Your answer should be only the lines below from the one with "cashcodeMSM_3" to the one with "Smalle Lage Kast.Opbergkasten Ikea", repeated exactly, ends included.

#####

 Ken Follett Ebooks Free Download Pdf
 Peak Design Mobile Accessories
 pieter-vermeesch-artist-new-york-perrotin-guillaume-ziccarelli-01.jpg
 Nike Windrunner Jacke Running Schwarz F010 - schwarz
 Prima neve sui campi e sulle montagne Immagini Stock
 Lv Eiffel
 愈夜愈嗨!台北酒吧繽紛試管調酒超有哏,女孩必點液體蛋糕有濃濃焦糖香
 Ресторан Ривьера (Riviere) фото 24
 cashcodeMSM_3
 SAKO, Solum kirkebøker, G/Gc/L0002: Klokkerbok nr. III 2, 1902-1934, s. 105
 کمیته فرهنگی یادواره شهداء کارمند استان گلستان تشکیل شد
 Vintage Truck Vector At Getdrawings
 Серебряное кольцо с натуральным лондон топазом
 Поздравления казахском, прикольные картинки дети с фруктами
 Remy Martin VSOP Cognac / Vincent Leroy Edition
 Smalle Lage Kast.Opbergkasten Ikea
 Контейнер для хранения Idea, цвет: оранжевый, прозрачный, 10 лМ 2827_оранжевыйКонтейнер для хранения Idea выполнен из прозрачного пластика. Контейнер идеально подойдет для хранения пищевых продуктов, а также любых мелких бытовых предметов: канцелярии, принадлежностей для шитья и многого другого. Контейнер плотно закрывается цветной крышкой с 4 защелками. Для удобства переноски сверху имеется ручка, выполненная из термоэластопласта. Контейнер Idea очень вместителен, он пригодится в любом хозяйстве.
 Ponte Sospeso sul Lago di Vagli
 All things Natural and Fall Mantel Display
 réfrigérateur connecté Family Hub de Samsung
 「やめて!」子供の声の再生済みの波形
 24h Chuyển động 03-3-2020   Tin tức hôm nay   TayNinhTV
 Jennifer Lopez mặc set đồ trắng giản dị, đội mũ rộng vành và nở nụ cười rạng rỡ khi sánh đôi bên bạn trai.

#####

THE COMPLETED TASK
 cashcodeMSM_3
 SAKO, Solum kirkebøker, G/Gc/L0002: Klokkerbok nr. III 2, 1902-1934, s. 105
 کمیته فرهنگی یادواره شهداء کارمند استان گلستان تشکیل شد
 Vintage Truck Vector At Getdrawings
 Серебряное кольцо с натуральным лондон топазом
 Поздравления казахском, прикольные картинки дети с фруктами
 Remy Martin VSOP Cognac / Vincent Leroy Edition
 Smalle Lage Kast.Opbergkasten Ikea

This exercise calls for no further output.